Final Parameters for Each Model.

Model	GridSearch Tested Values	Parameters (mRs At Discharge)	Parameters (mRS At Three Months)
LR	C = {0.01, 0.05, 0.1, 0.5, 1}; Solver = {lbfgs, liblinear} Max_iter = 100 N_features = {2:20}	C = 1; Solver = liblinear; Max_iter = 100; N_features = 2	C = 0.1; Solver = liblinear; Max_iter = 100; N_features = 2
SVM	C = {0.1, 0.2,0.3,0.4, 0.5, 1} Class_weight = balanced; Kernel = linear	C = 0.5; Class_weight = balanced; Kernel = linear	C = 1; Class_weight = balanced; Kernel = linear
RF	n_estimators = {3,4,5,6,7,8,9,10}; criterion = {gini, entropy} max_depth = {2,3,4} min_samples_split = {2,3} min_samples_leaf = {1,2,3} class_weight = balanced	n_estimators = 10; criterion = gini; max_depth = 2; min_samples_split = 2; min_samples_leaf = 1; max_features = 8; class_weight = balanced	n_estimators = 10; criterion = entropy; max_depth = 3; min_samples_split = 2; min_samples_leaf = 2; max_features = 4; class_weight = balanced
XGB	max_depth = {2, 3, 4} learning_rate = {0.01, 0.05, 0.1} n_estimators = {7, 8, 9, 10} subsample = {0.7, 0.8, 0.9} colsample_bytree = {0.7, 0.8, 0.9}	max_depth = 2; learning_rate = 0.05; n_estimators = 10; subsample = 0.8; colsample_bytree = 0.9	max_depth = 3; learning_rate = 0.01; n_estimators = 10; subsample = 0.8; colsample_bytree = 0.9

Because the LR model is susceptible to outliers, we used an isolation forest to detect and handle them. However, this led to more overfitting in the training and test sets. To address this, different solvers and regularization parameters were tested (Table 3). For SVM, we tried several kernels, penalties, and other methods to address class imbalance and found that SMOTE yielded the best results. In RF, the parameter class_weight = balanced was added. Similarly, in XGB, we used the scale_pos_weight parameter. To optimize our XGB model, we began by using GridSearchCV to tune the training and test splits. However, we eventually tried different parameters and manually fine-tuned them multiple times to achieve the final metrics (Table 3). Additionally, we implemented early_stopping_rounds = 10 to prevent overfitting.

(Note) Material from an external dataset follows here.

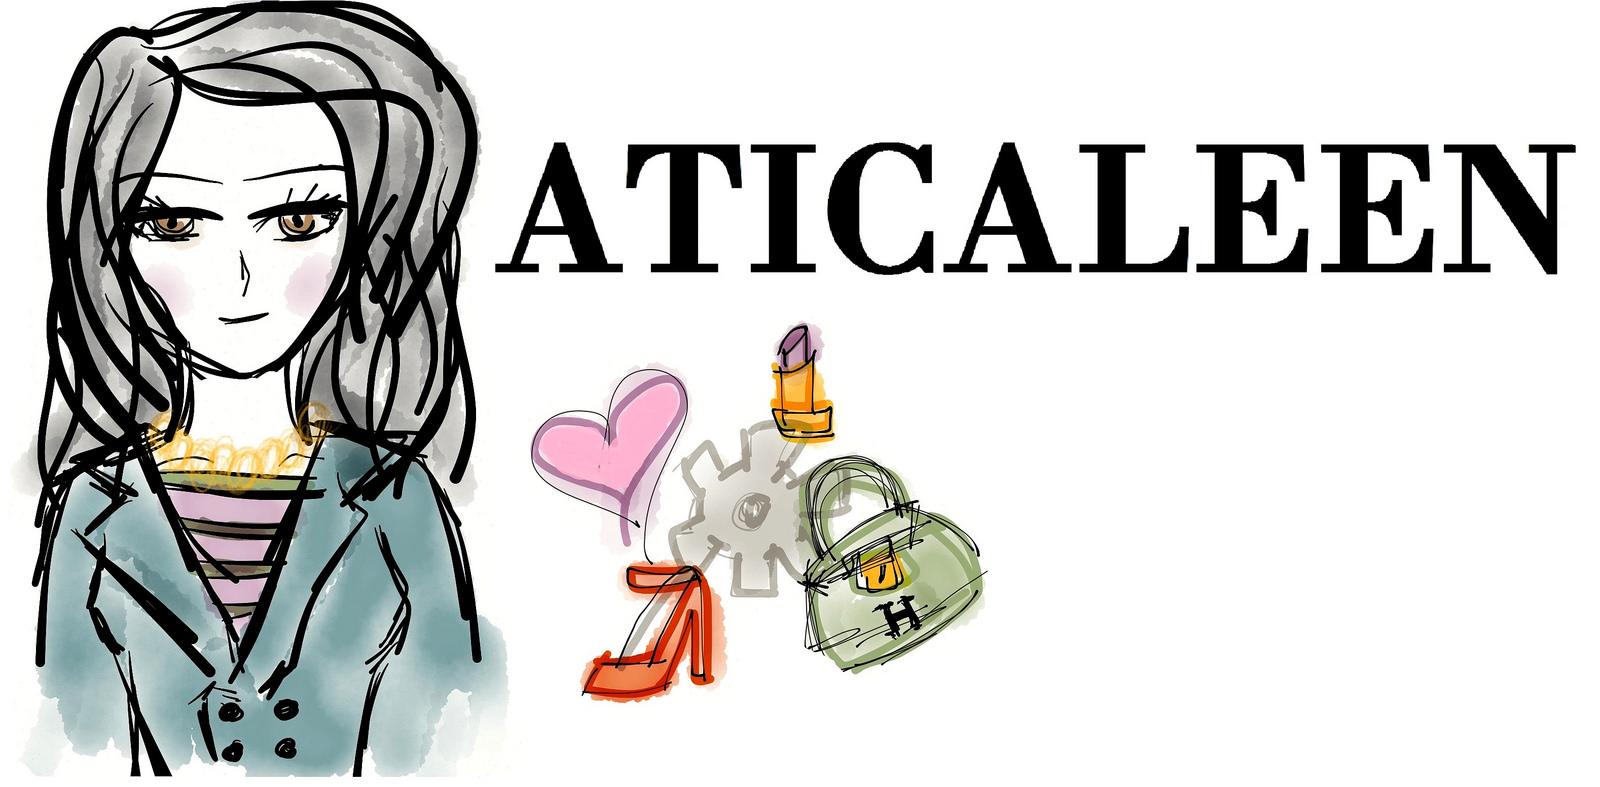 ATICALEEN
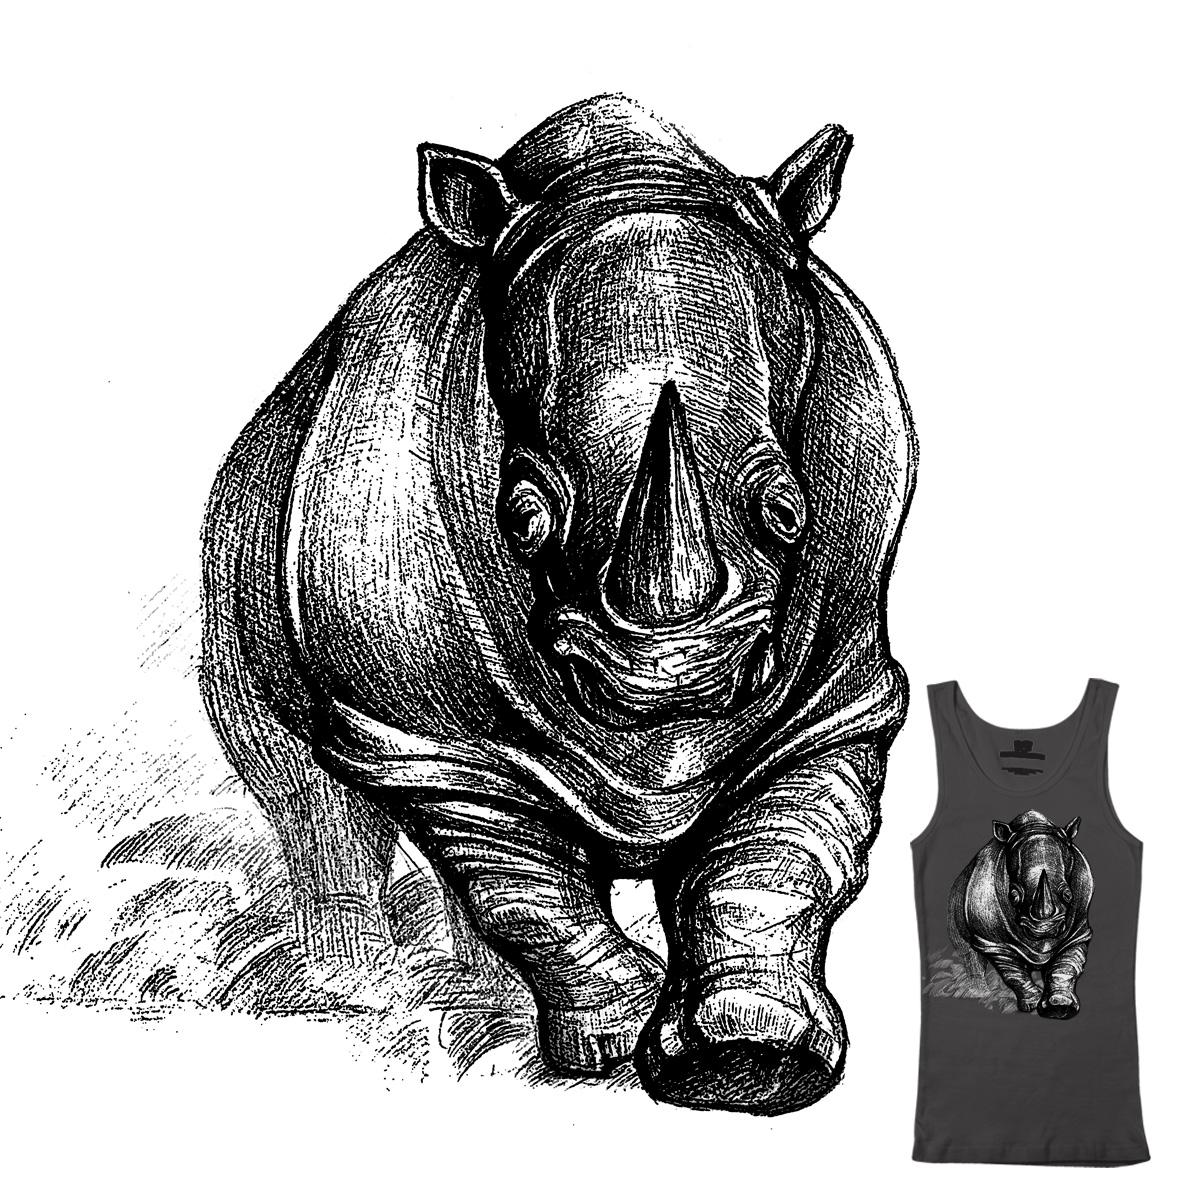 Rhino by newscale on Threadless

Moreover, the performance of the models was assessed on both the training and test sets using the average of the following metrics: accuracy, AUC, and recall.

Finally, although we selected the models based on previous studies to ensure the validity of our results, unlike those studies, we used Shapley Additive Explanations (SHAP) to highlight feature impacts and improve interpretability and assessment of feature contribution (Zihni et al., 2020).

Results and Discussion

Factors Associated with mRS Score

A correlation matrix was developed to identify the factors associated with mRS, but no variables were correlated with more than 0.5 points (Table 4). These relationships can be divided into two groups: a feature can positively or negatively correlate with the target variables. In other words, a positive relationship occurs when the variables increase, and the target variables increase as well. On the other hand, a negative correlation occurs when, as one variable increases, the other decreases.

Table 4.

Correlation Analysis Between Socio-Demographic, Clinical and Comorbidities and mRS at Discharge and 3-Months of Discharge.

Feature Name	mRS At Discharge		mRS At Three Months of Discharge
Feature Name	Correlation	p-value	Correlation	p-value
Age	0.16	0.08	0.2	0.03
Sex	−0.13	0.17	−0.03	0.73
HTN	0.14	0.15	0.14	0.15
Diabetes	0	0.98	−0.02	0.8
Dyslipidaemia	−0.08	0.41	−0.07	0.48
Smoking	−0.15	0.12	−0.08	0.39
Obesity	−0.17	0.06	−0.14	0.12
Auricular Fibrillation	−0.04	0.65	0.11	0.24
Anti-aggregation	−0.06	0.53	−0.01	0.92
Anti-coagulation	0	0.97	0.02	0.81
Oxfordshire	0.05	0.58	0.05	0.57
NIHSS	0.46	0	0.3	0
Glasgow	−0.24	0.01	−0.2	0.03
Time symptoms-door	−0.03	0.77	0.05	0.63
Time door-TAC	−0.01	0.92	0.05	0.57
Diagnosis	−0.06	0.52	−0.11	0.24
Patient transferred	0.1	0.3	0.12	0.19
Thrombolysis	−0.01	0.95	−0.1	0.27
Thrombectomy	0.1	0.3	0.06	0.54
TOAST	0.13	0.17	0.05	0.6
Destination	N/A	N/A	0.49	0
Month	0.01	0.91	−0.08	0.38
Year	−0.04	0.65	0.16	0.08

In the context of positive relationships, patients with higher mRS scores are more likely to have outcomes that align with higher fate values, such as the need for care in a specialized unit or nursing home, or, in the worst cases, result in death. Another example is the fact that a higher NIHSS score indicates more severe neurological impairment, which is often associated with more significant disability or dependence, as reflected by a higher mRS score. Similarly, older patients often have worse outcomes after a stroke or other neurological events, with the conclusion that the older the patient, the higher their mRS score.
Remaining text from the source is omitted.